▸ EXERCISE BRIEF
I'd like the full listing transcribed exactly, with no images included.

▸ INFORMATION SUPPLIED
────

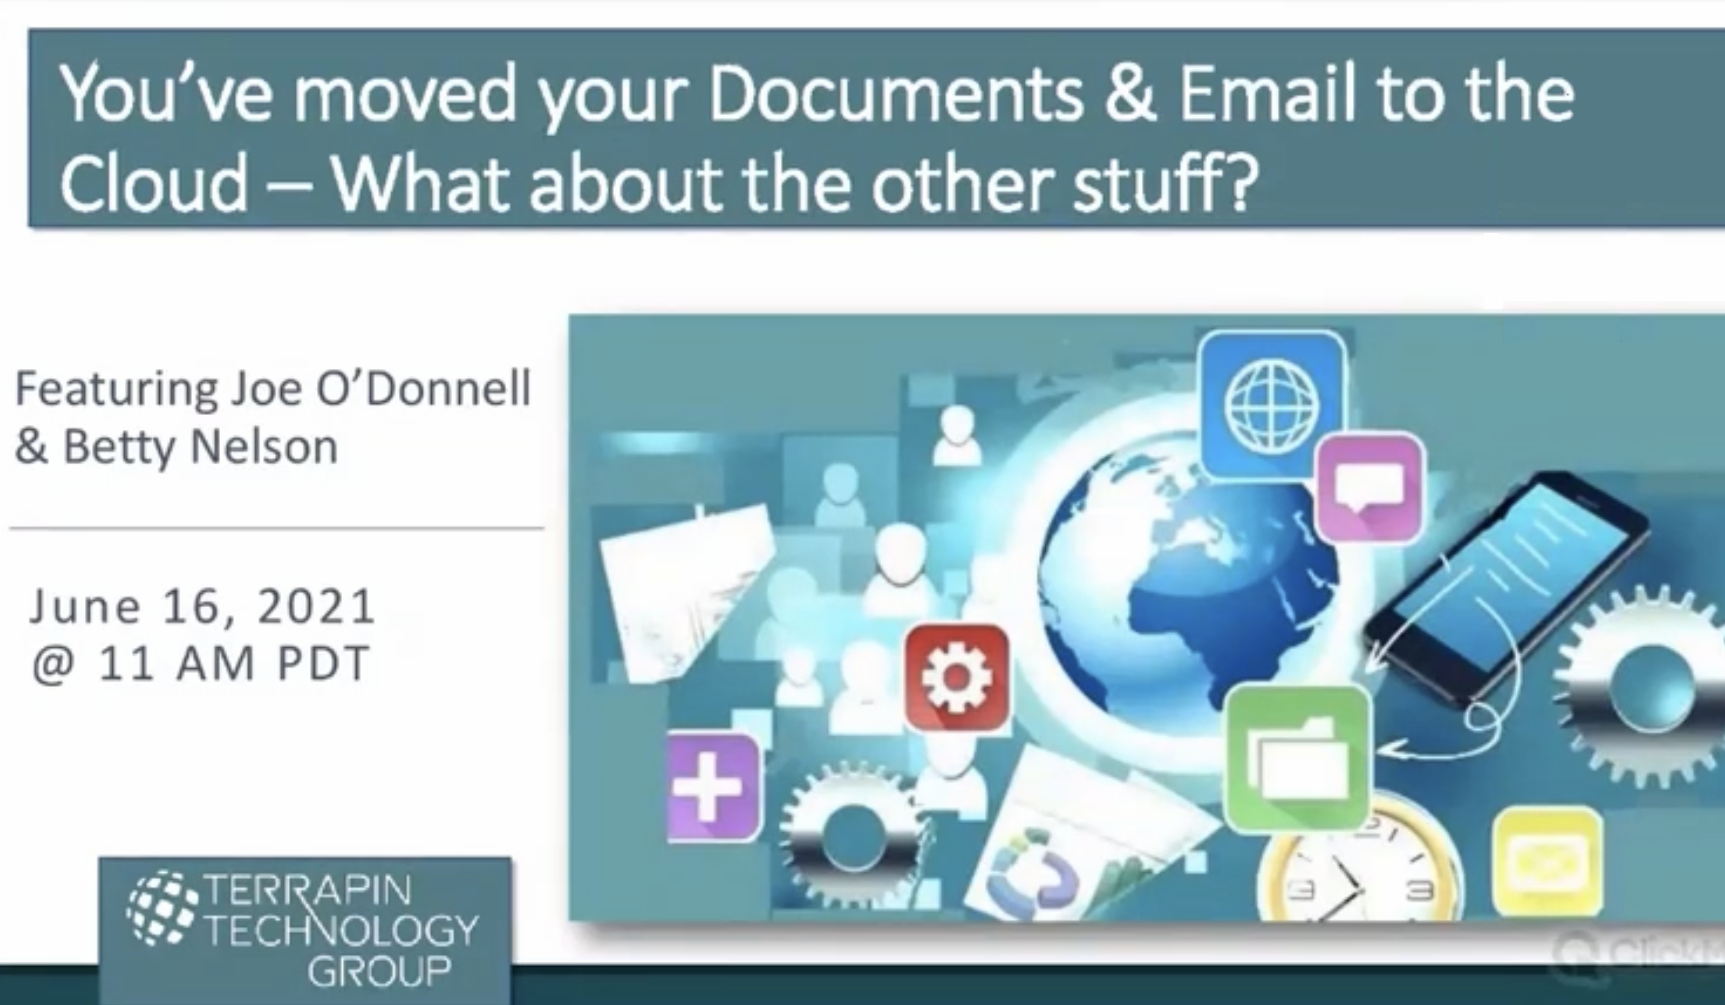 We’ve moved our Documents & Email to the Cloud – What about the other stuff? - Webinar Wednesday
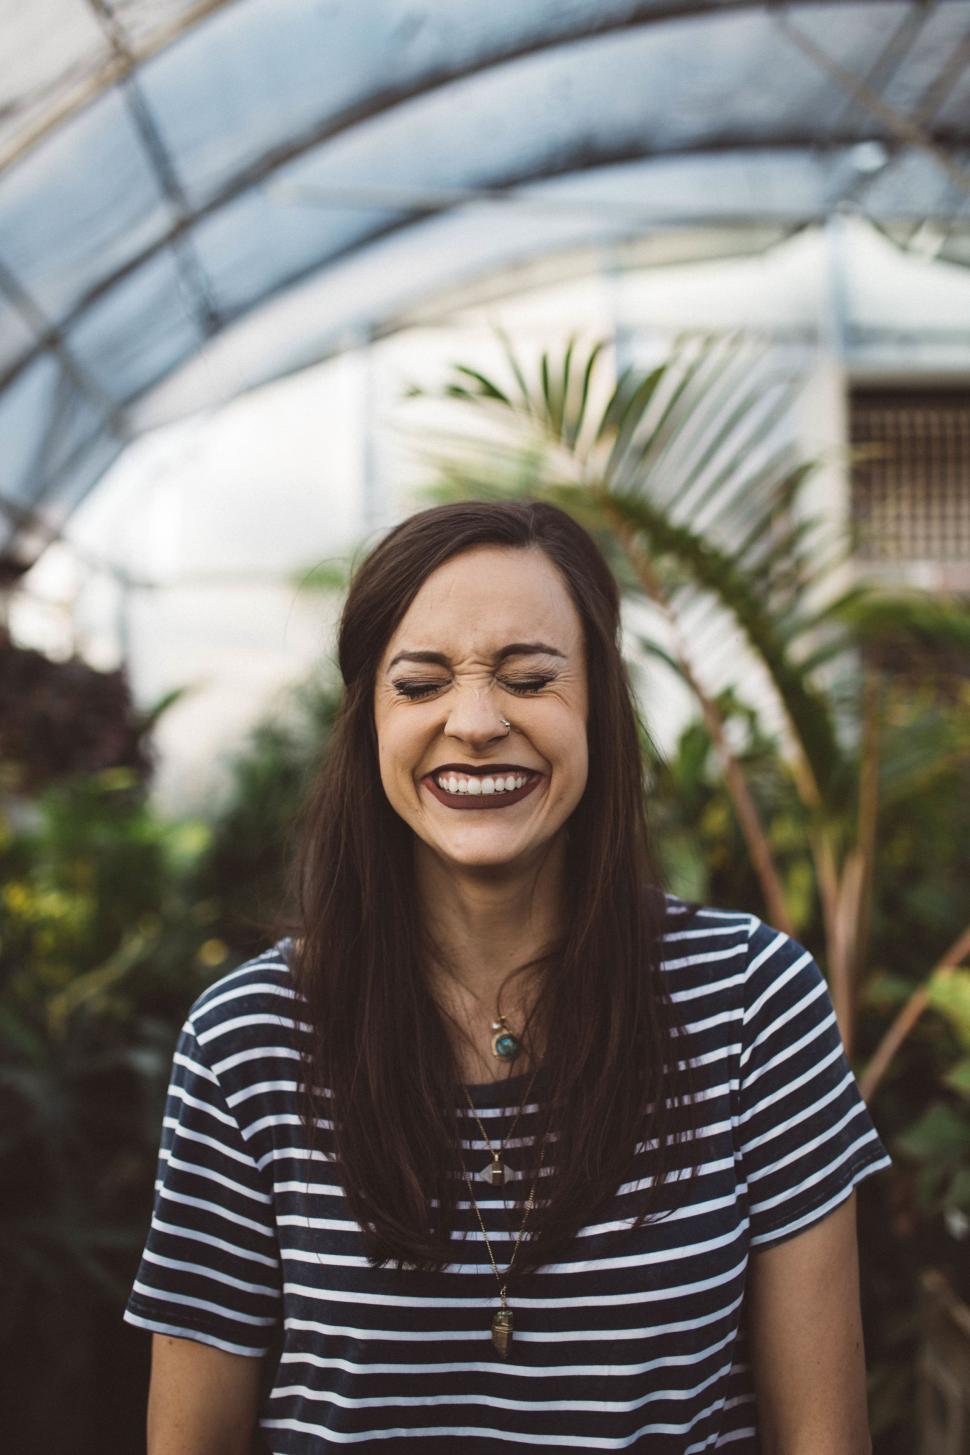 Free Image of Smiling Woman With Long Hair in Greenhouse 
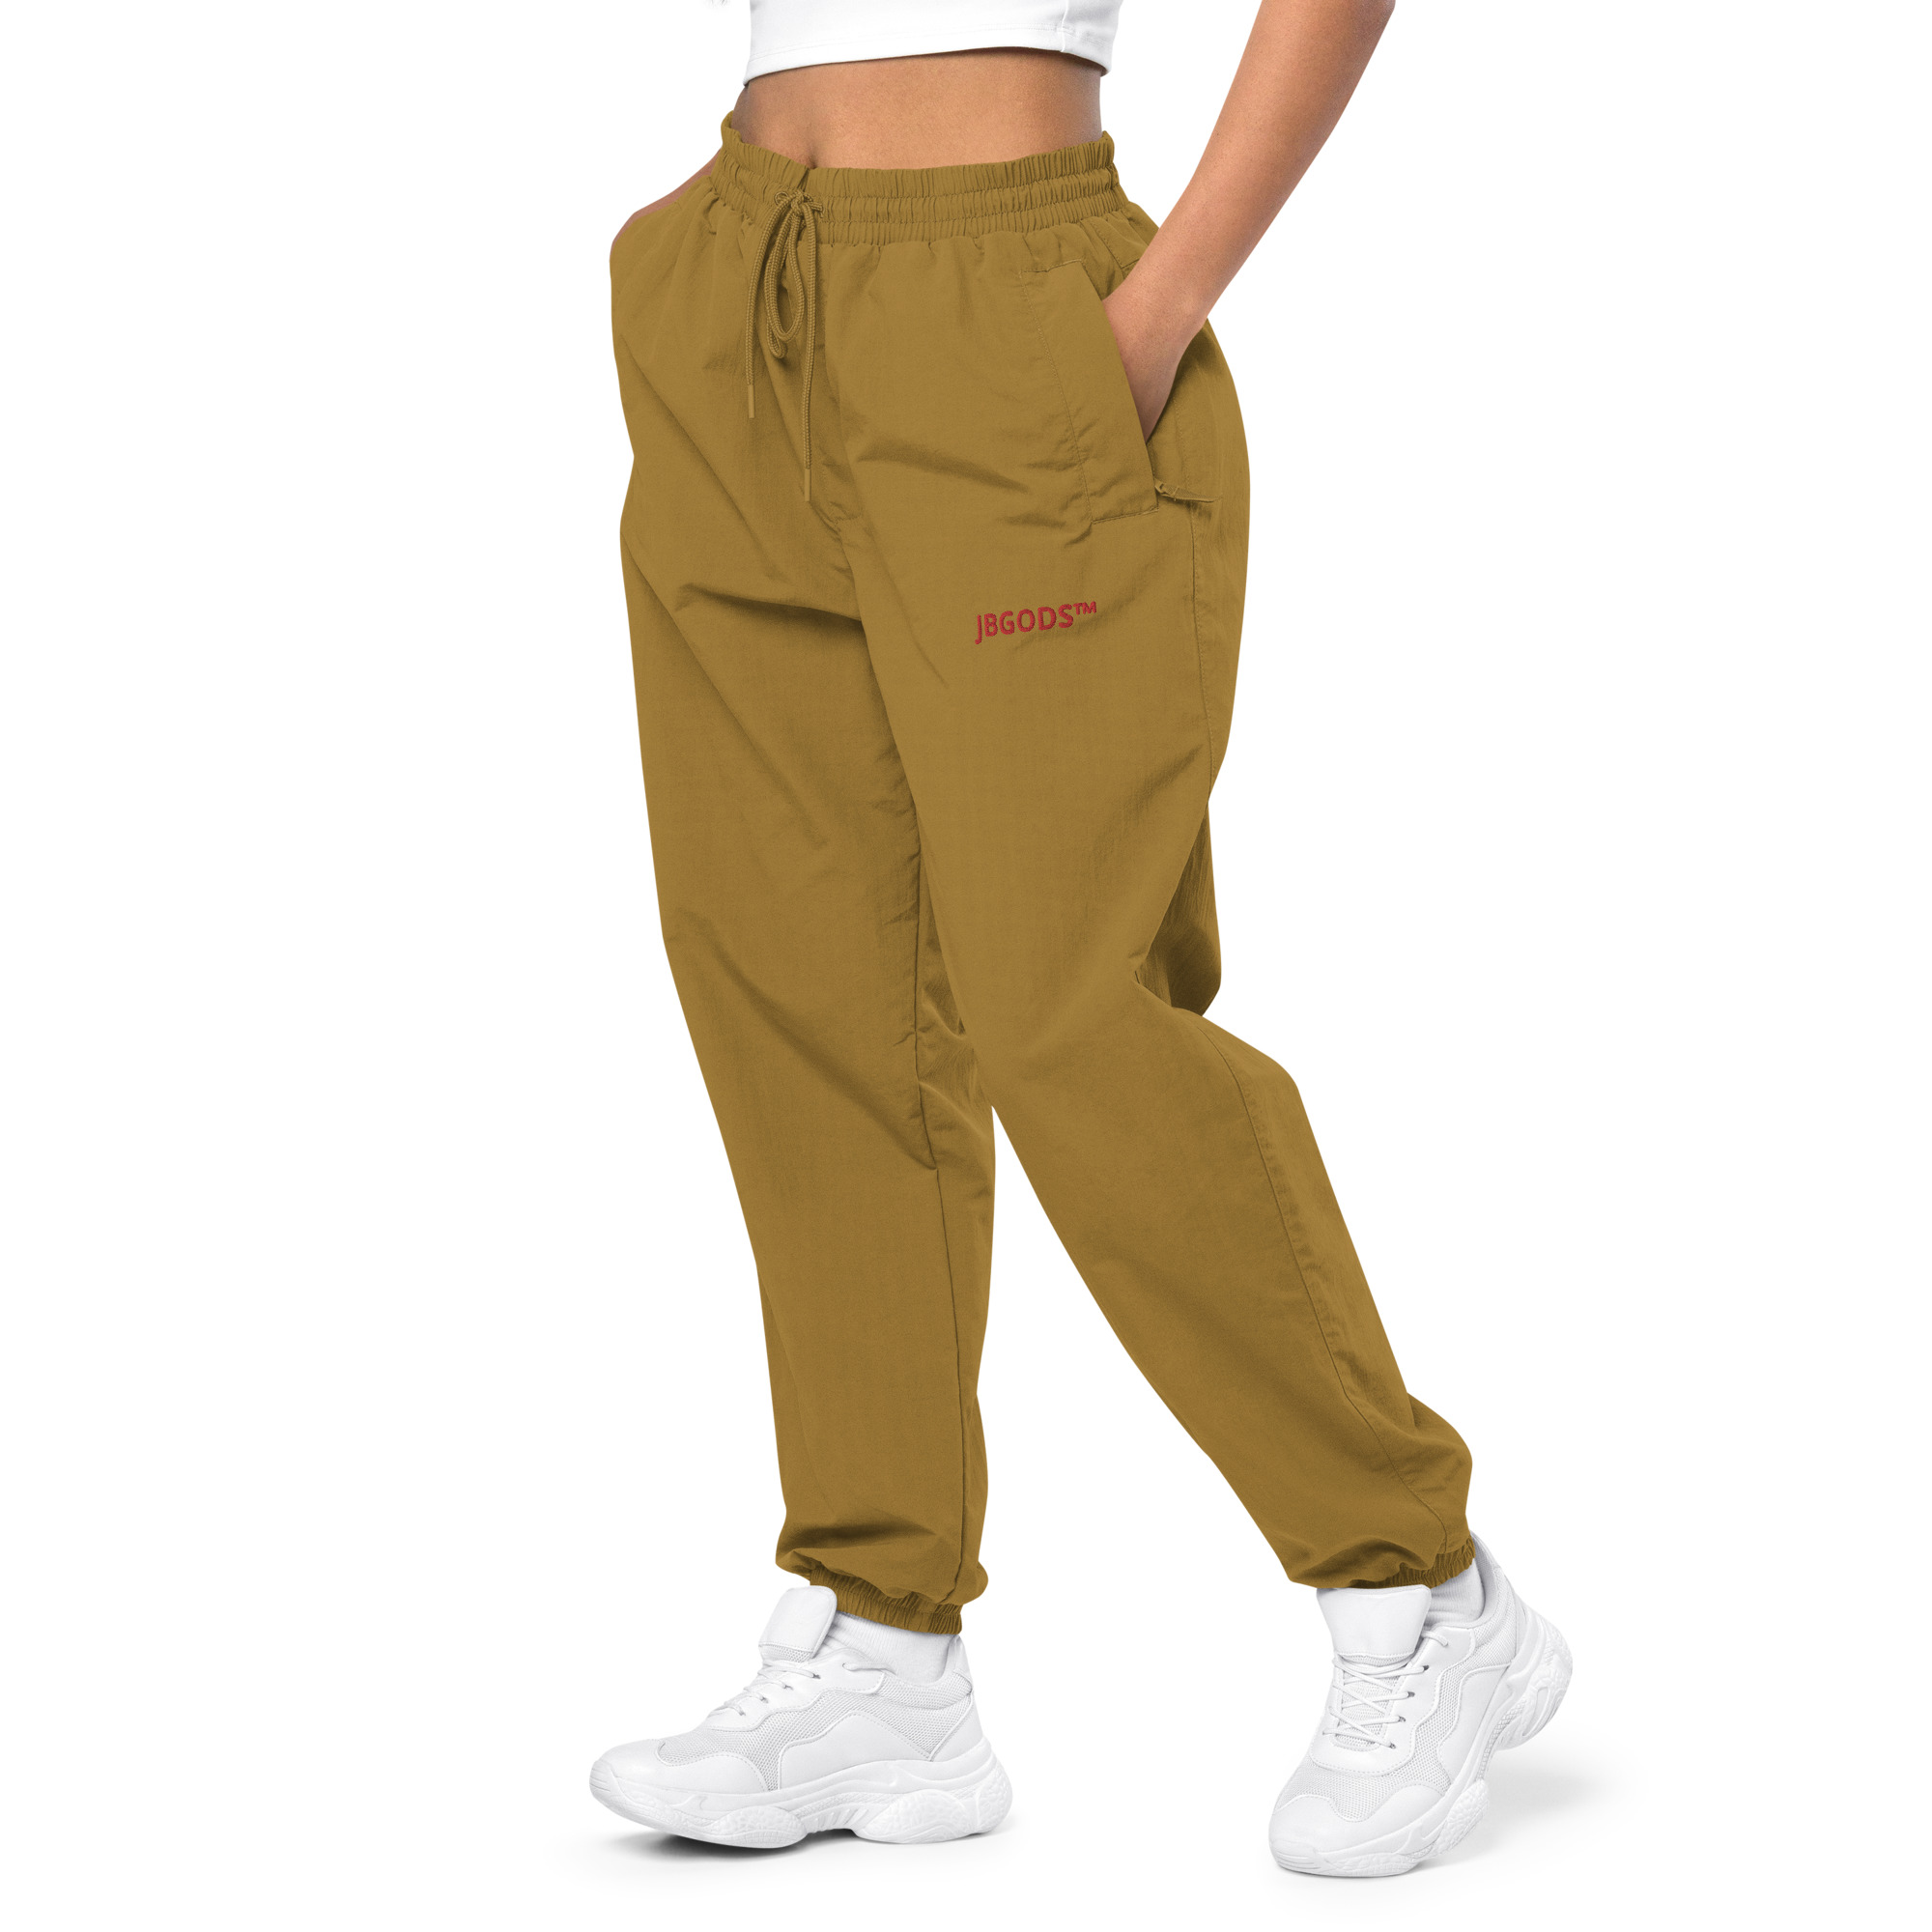 tracksuit trousers olive color

────

▸ RESPONSE TO THE EXERCISE
 We’ve moved our Documents & Email to the Cloud – What about the other stuff? - Webinar Wednesday
 Free Image of Smiling Woman With Long Hair in Greenhouse 
 tracksuit trousers olive color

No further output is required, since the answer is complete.